T&T watchdog groups get 60 days to review controversial highway plan

(Trinidad Express) Watchdog groups led by the Joint Consultative Council (JCC) have received and will review all relevant documents possessed by the National Infrastructural Development Company (NIDCO) relating to the Debe to Mon Desir stretch of the Point Fortin Highway.

The groups will have 60 days to produce a report and submit to NIDCO for its consideration. Until then, work will continue on the extension project, “on sites released to the contractor”, including parts of the controversial route.

The JCC, the Federation of Independent Trade Unions (Fitun), the Trinidad and Tobago Transparency Institute (TTTI) and Working Women met with the Minister of Works and Infrastructure (MOWI) Emmanuel George, Minister in the Ministry Stacy Roopnarine and Minister of the Environment and Water Resources Ganga Singh in a four- hour meeting at MOWI headquarters, London Street, Port of Spain, yesterday—most of which was spent drafting a statement to articulate the terms agreed upon, and then signed off on the accord.

George read the statement to the media at a press conference that was scheduled for noon but started instead at 3 p.m., and then declined to take questions because he felt all the information necessary was presented in the statement.

JCC president Afra Raymond also made a statement to the media saying the JCC was satisfied with the agreement, which he said contained the best parts of the agreement the JCC et al presented last week to Prime Minister Kamla Persad-Bissessar.

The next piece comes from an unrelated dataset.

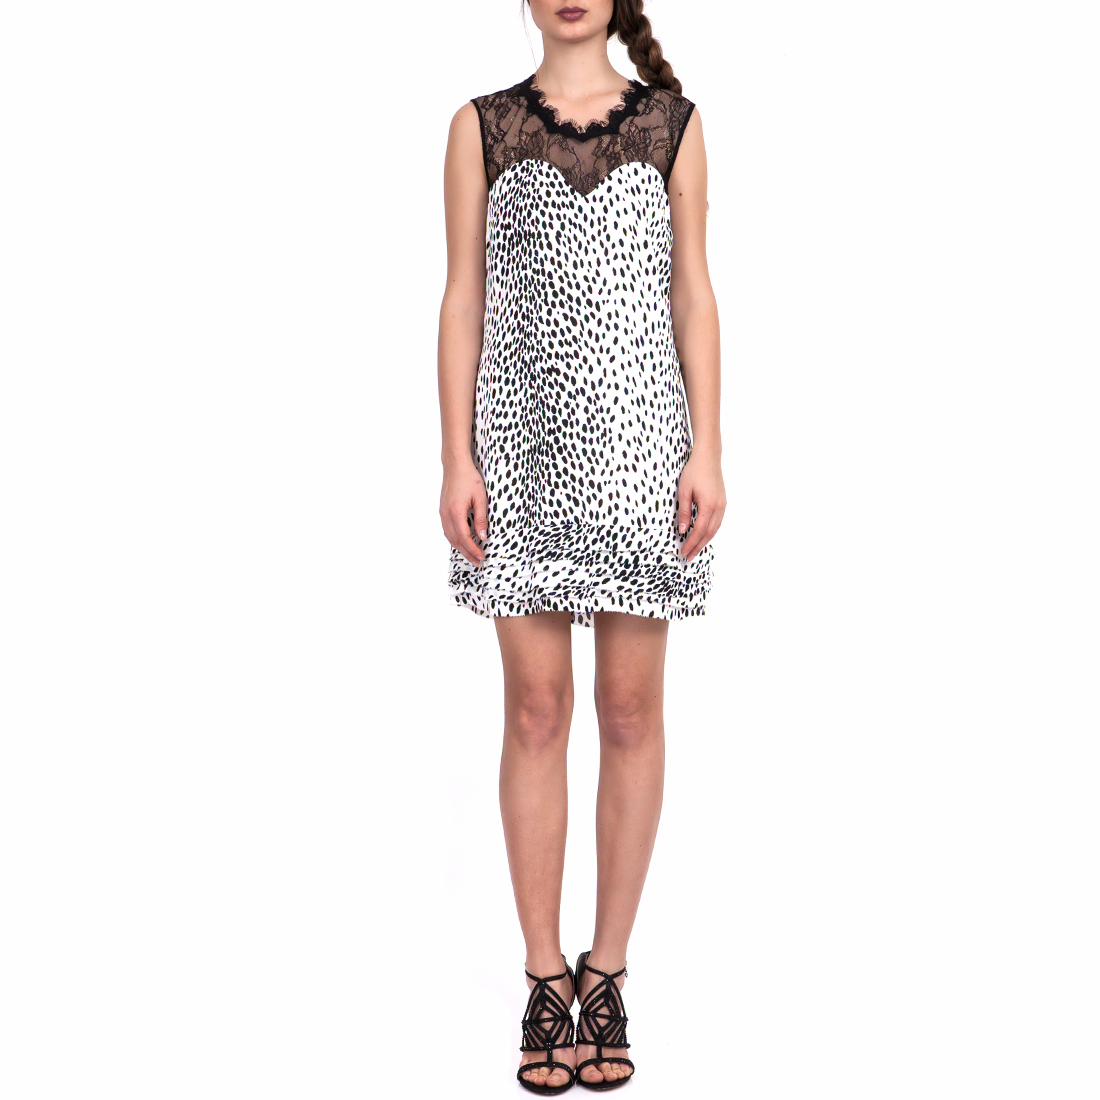 GUESS - Γυναικείο Φόρεμα GUESS Λευκό-Μαύρο

“(This was a) challenging discussion that was necessary in the interest of restoring public trust,” Raymond said of what he called the “tough negotiations”.

He said the JCC and their partners hoped for two outcomes to the discussions: that Dr Kublalsingh will consider ending his hunger strike and his supporters in the Re-Route Movement will take their concerns to the JCC’s review committee, to be headed by Independent Senator Dr James Armstrong.

Raymond also called for the language used by both the pro-highway and the Re-Route Movement to be “toned down” and for “civility to be restored in the way you speak and listen to each other”.

Raymond also refused to take questions, but the media still attempted to receive clarification on significant points of the agreement, notably the assertion that work will still continue on the highway.

When asked if this included the Debe to Mon Desir route, Raymond insisted with an emphatic , “No!” that this will not be the case and that “No work was going on there and that won’t happen.”

The Express had later contacted Dr Carson Charles for further clarification, and he said contracts had been granted for certain parts of the stretch, specifically the two interchanges—Fyzabad Interchange and Mon Desir Interchange. He said the contractor was limited to these areas and the contractors “were not due to move on forward”.

The following is the agreement between the parties:

1. Nidco undertook to make available to the JCC all the relevant documentation in its possession on the project in respect of the Debe to Mon Desir segment of the highway extension.

2. The JCC undertook to examine all the documentation on the project provided by Nidco and all other relevant documentation and to produce a report within 60 days from yesterday’s date to Nidco for its consideration and its publication thereafter.

3. Work will continue on sites of the highway released to the contractor.